WORK INSTRUCTIONS — Only the lines below, from the one with "Down by the" through the one with "Uncut natural grey diamond handmade pendant", are to be written out, exactly.

===== TASK INPUTS =====

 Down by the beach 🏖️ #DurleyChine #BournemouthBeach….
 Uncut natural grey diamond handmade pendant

=====
===== TASK INPUTS =====

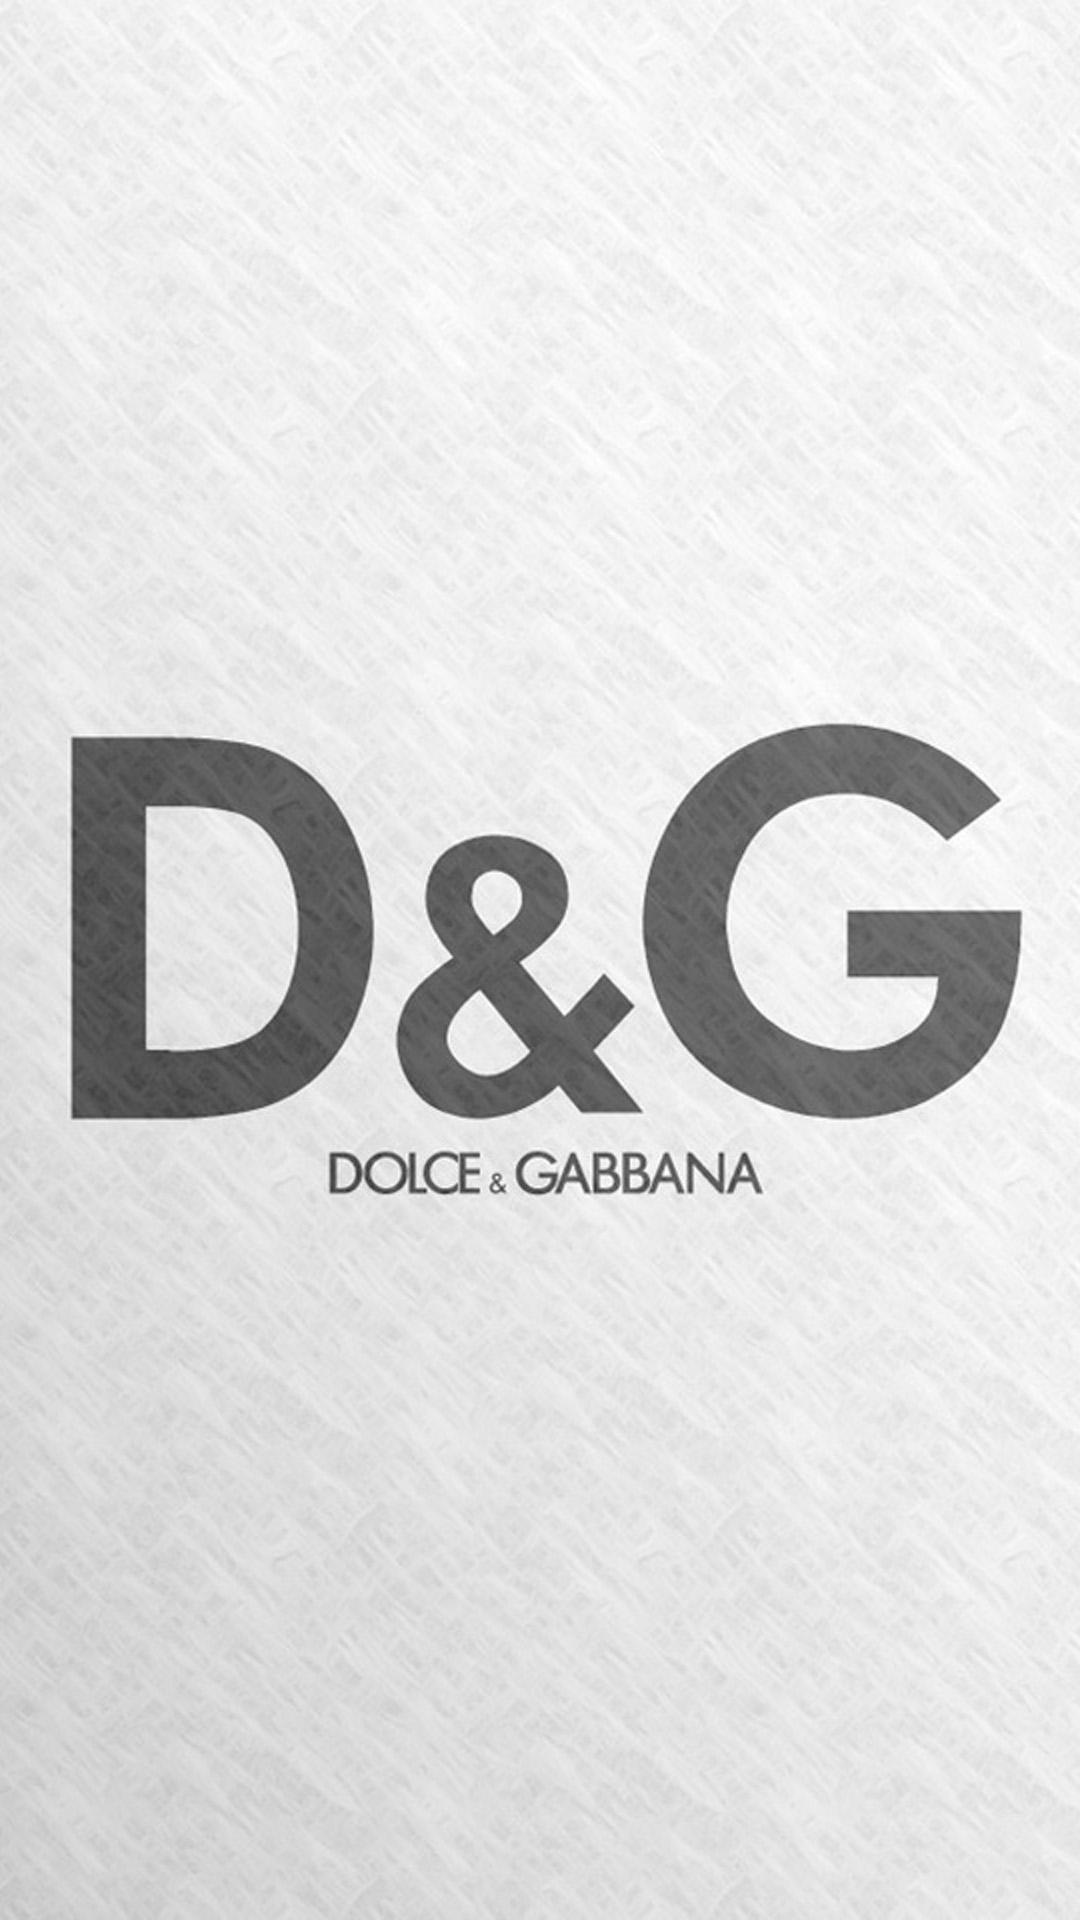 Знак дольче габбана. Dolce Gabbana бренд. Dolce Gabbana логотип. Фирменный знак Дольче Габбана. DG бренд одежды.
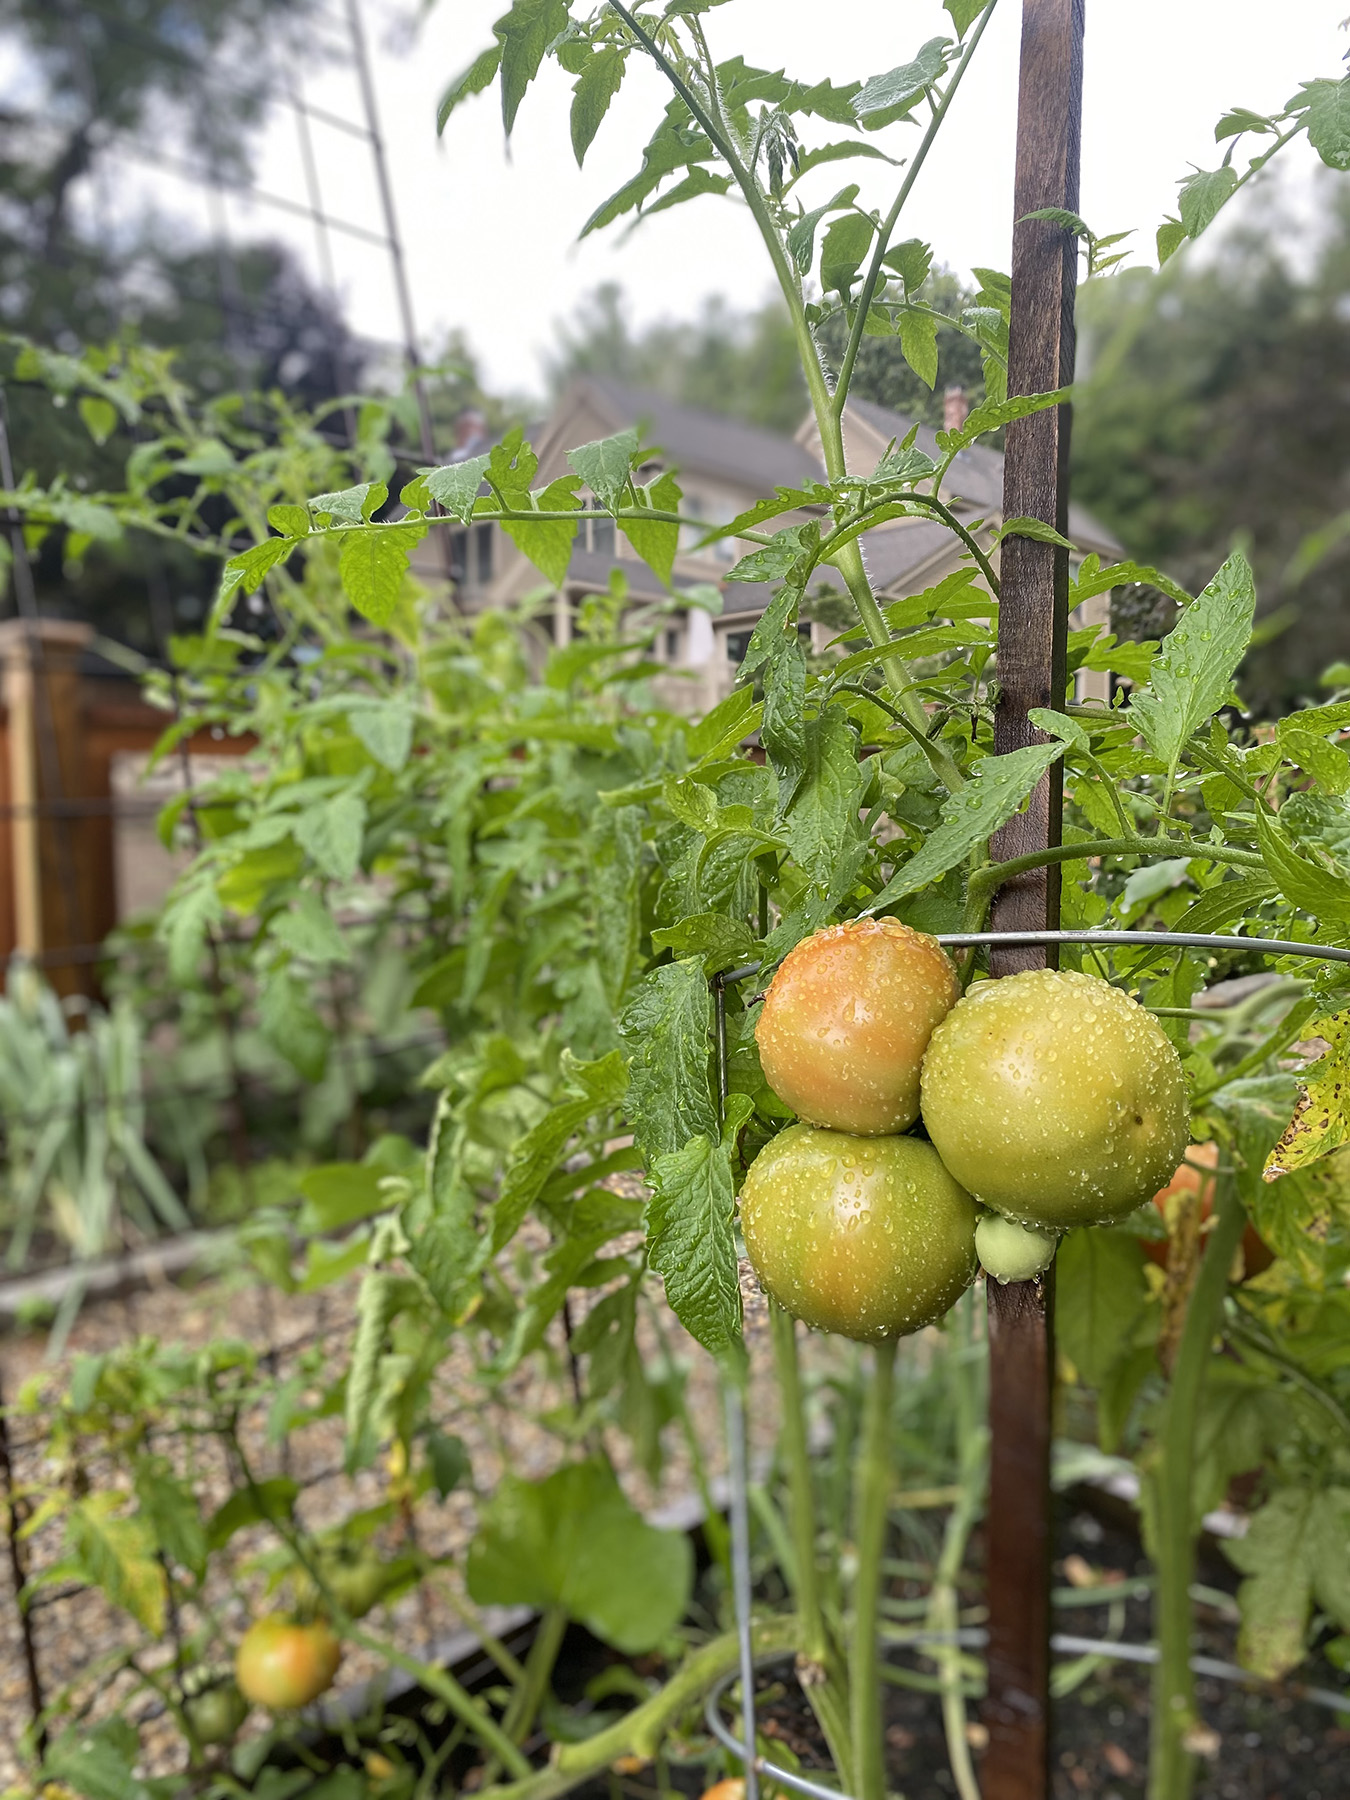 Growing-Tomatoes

=====

RESPONSE —
 Down by the beach 🏖️ #DurleyChine #BournemouthBeach….
 Uncut natural grey diamond handmade pendant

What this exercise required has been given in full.